Available data:
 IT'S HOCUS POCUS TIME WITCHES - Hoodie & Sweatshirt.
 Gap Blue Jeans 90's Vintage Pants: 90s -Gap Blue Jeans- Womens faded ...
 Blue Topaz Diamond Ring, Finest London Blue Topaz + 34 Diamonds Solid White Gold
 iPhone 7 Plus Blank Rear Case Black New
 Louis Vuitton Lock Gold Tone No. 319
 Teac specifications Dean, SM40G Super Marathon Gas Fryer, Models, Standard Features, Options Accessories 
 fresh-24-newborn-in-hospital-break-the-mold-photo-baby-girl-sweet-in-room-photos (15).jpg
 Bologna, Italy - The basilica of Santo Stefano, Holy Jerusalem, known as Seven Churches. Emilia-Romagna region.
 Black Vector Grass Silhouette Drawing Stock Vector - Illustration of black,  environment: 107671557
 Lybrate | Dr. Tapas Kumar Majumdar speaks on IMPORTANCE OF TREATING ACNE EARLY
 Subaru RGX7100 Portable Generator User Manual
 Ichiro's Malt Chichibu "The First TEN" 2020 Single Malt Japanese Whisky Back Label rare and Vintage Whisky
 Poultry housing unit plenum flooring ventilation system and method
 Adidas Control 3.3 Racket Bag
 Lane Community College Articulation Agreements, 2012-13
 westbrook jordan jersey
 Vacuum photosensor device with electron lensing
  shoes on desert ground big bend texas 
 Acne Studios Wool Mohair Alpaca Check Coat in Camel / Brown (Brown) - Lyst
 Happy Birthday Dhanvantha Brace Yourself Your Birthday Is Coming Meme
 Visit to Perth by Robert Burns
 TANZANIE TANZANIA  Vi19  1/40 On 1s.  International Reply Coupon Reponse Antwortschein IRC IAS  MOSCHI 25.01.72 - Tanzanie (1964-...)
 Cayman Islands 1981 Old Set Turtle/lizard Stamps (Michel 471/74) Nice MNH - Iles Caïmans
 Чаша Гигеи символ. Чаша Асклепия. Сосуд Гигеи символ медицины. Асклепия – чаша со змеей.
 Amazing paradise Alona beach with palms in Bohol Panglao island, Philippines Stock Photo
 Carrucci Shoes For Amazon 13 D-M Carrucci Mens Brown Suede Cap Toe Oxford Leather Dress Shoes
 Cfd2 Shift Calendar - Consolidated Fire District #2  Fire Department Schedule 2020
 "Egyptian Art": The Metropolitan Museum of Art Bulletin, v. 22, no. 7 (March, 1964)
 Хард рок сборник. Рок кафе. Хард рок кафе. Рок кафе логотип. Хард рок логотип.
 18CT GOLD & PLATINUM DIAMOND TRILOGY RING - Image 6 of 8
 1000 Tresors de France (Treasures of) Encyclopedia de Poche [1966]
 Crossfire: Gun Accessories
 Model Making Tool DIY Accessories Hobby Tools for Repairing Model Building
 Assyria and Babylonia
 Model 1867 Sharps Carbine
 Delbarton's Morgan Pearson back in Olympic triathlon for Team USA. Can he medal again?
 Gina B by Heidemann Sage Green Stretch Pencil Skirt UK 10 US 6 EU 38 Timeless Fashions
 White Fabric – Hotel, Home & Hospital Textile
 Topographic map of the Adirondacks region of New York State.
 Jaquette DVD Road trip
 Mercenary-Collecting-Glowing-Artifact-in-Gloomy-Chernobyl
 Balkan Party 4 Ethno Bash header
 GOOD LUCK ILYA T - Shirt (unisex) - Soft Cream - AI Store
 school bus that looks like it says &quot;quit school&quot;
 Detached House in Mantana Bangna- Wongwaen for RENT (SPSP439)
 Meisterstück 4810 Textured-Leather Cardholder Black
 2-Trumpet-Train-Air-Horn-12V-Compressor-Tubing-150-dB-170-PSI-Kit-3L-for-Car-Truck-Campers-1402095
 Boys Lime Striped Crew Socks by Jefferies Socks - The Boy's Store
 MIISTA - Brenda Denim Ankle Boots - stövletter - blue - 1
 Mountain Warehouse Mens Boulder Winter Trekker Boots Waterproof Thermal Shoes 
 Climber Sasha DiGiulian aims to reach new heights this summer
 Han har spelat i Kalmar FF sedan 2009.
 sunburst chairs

Problem to work on: Your reply should be an exact copy of every line from the line with "Boys Lime Striped" through the final line of the data, and nothing more.

Written response:
 Boys Lime Striped Crew Socks by Jefferies Socks - The Boy's Store
 MIISTA - Brenda Denim Ankle Boots - stövletter - blue - 1
 Mountain Warehouse Mens Boulder Winter Trekker Boots Waterproof Thermal Shoes 
 Climber Sasha DiGiulian aims to reach new heights this summer
 Han har spelat i Kalmar FF sedan 2009.
 sunburst chairs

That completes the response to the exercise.